Cognizant Data & Intelligence Toolkit (CDIT): ETL Conversion Tool supports the following legacy ETL tools as source and supports generating corresponding AWS Glue ETL scripts in both Python and Scala:

Informatica
DataStage
SSIS
Talend

Let’s look at the migration steps in more detail.

Assess the legacy ETL process

Cognizant Data & Intelligence Toolkit (CDIT): ETL Conversion Tool enables you to assess in bulk the potential automation percentage and complexity of a set of ETL jobs and workflows that are in scope for migration to AWS Glue. The assessment option helps you understand what kind of saving can be achieved using Cognizant Data & Intelligence Toolkit (CDIT): ETL Conversion Tool, the complexity of the ETL mappings, and the extent of manual conversion needed, if any. You can upload a single ETL mapping or a folder containing multiple ETL mappings as input for assessment and generate an assessment report, as shown in the following figure.

Convert the ETL code to AWS Glue

To convert legacy ETL code, you upload the XML file of the ETL mapping as input to the tool. User inputs are stored in the internal metadata repository of the tool and Cognizant Data & Intelligence Toolkit (CDIT): ETL Conversion Tool parses these XML input files and breaks them down to a patented canonical model, which is then forward engineered into the target AWS Glue scripts in Python or Scala. The following screenshot shows an example of the Cognizant Data & Intelligence Toolkit (CDIT): ETL Conversion Tool GUI and Output Console pane.

If any part of the input ETL job couldn’t be converted completely to the equivalent AWS Glue script, it’s tagged between comment lines in the output so that it can be manually fixed.

Convert the workflow to Step Functions

The next logical step after converting the legacy ETL jobs is to orchestrate the run of these jobs in the logical order. Cognizant Data & Intelligence Toolkit (CDIT): ETL Conversion Tool lets you automate the conversion of on-premises ETL workflows by converting them to corresponding Step Functions workflows. The following figure illustrates a sample input Informatica workflow.
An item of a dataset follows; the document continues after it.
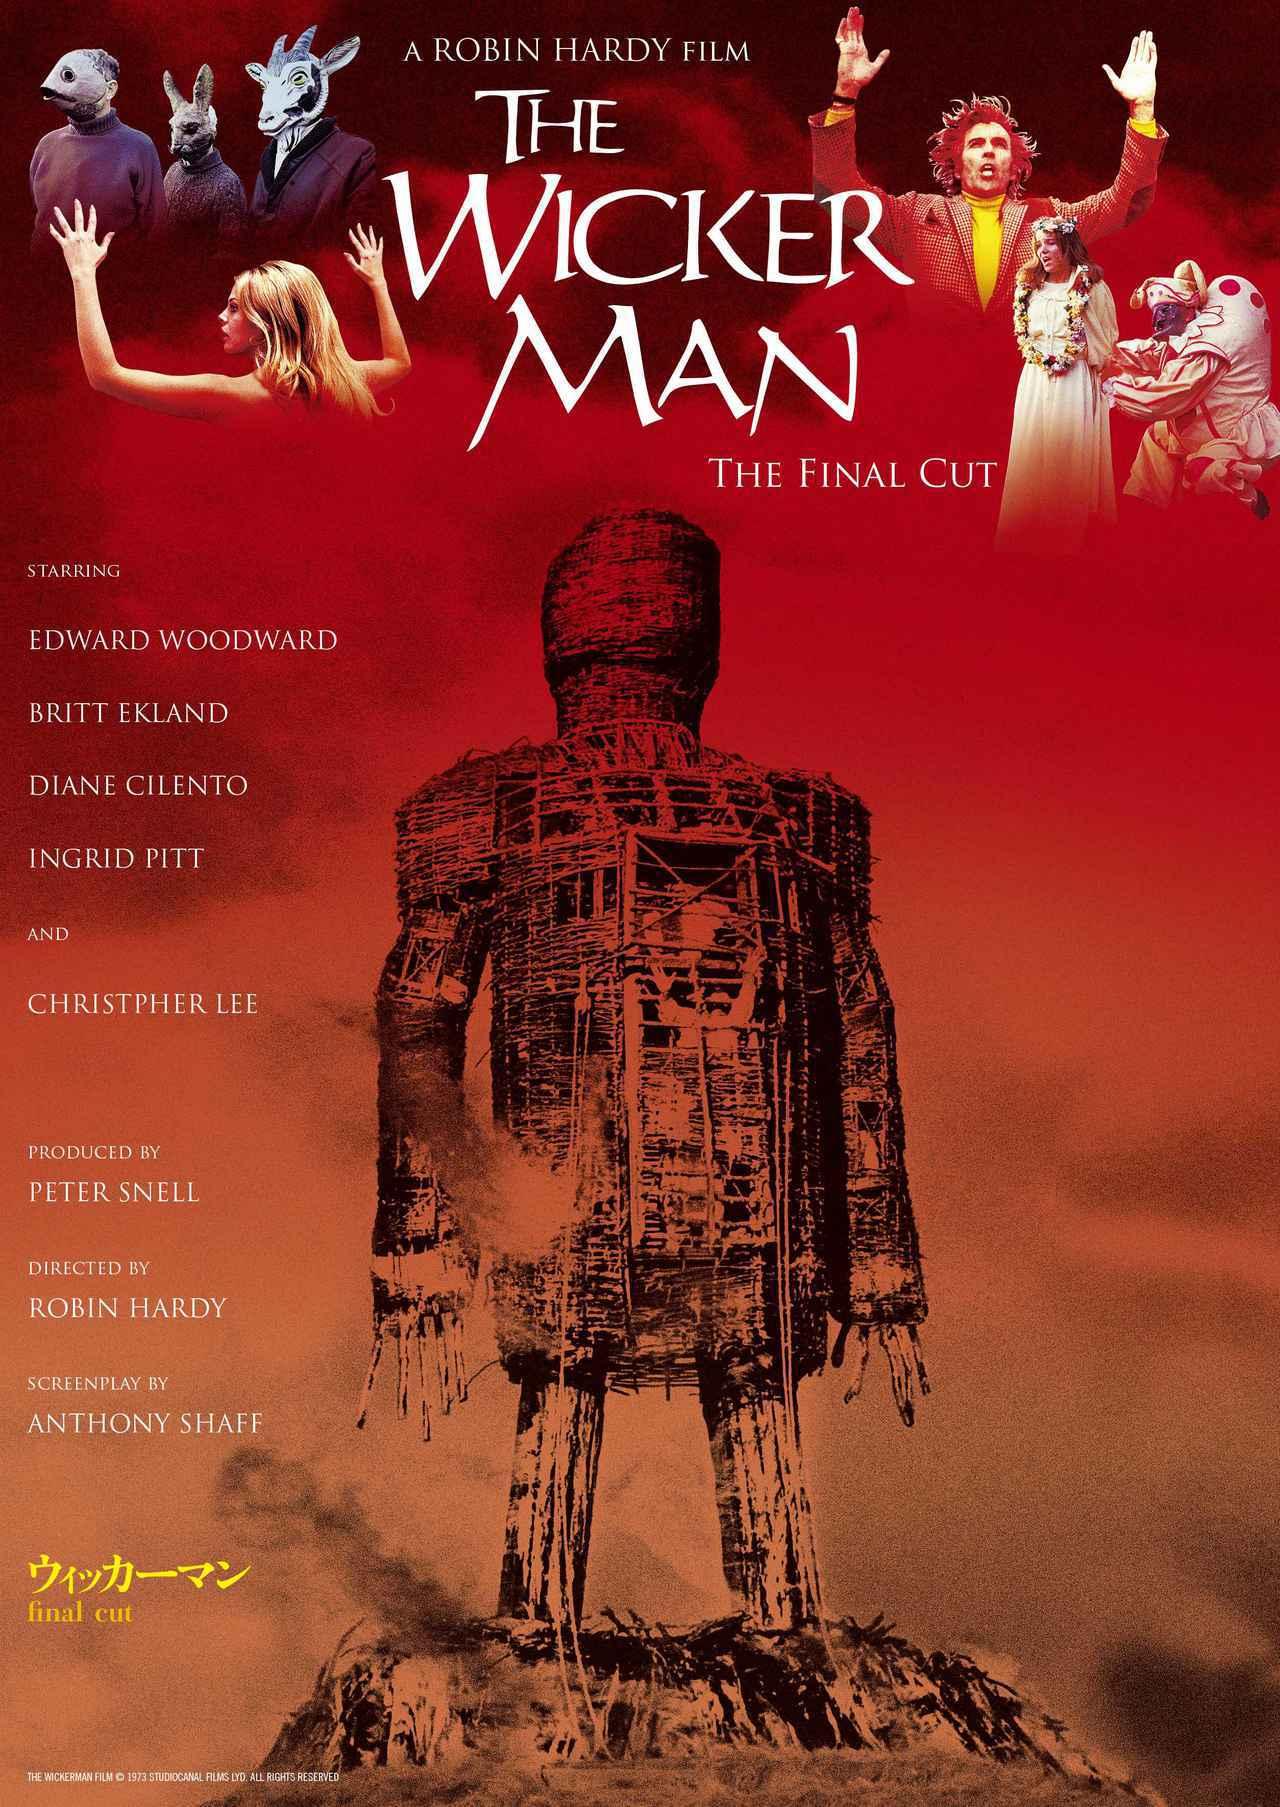 画像2: 怪作、奇作--カルト映画が今年も目白押し!「奇想天外映画祭 vol.2」予告公開!&日本初公開『ウィッカーマン final cut』の特別ビジュアルも解禁!

Workflow conversion follows the similar pattern as that of the ETL mapping. XML files for ETL workflows are uploaded as input and Cognizant Data & Intelligence Toolkit (CDIT): ETL Conversion Tool it generates the equivalent Step Functions JSON file based on the input XML file data.

Benefits of using Cognizant Data & Intelligence Toolkit (CDIT): ETL Conversion Tool

The following are the key benefits of using Cognizant Data & Intelligence Toolkit (CDIT): ETL Conversion Tool to automate legacy ETL conversion:

Cost reduction – You can reduce the overall migration effort by as much as 80% by automating the conversion of ETL and workflows to AWS Glue and Step Functions
Better planning and implementation – You can assess the ETL scope and determine automation percentage, complexity, and unsupported patterns before the start of the project, resulting in accurate estimation and timelines
Completeness – Cognizant Data & Intelligence Toolkit (CDIT): ETL Conversion Tool offers one solution with support for multiple legacy ETL tools like Informatica, DataStage, Talend, and more.
Improved customer experience – You can achieve migration goals seamlessly without errors caused by manual conversion and with high automation percentage

Case study: Cognizant Data & Intelligence Toolkit (CDIT): ETL Conversion Tool proposed implementation

A large US-based insurance and annuities company wanted to migrate their legacy ETL process in Informatica to AWS Glue as part of their cloud migration strategy.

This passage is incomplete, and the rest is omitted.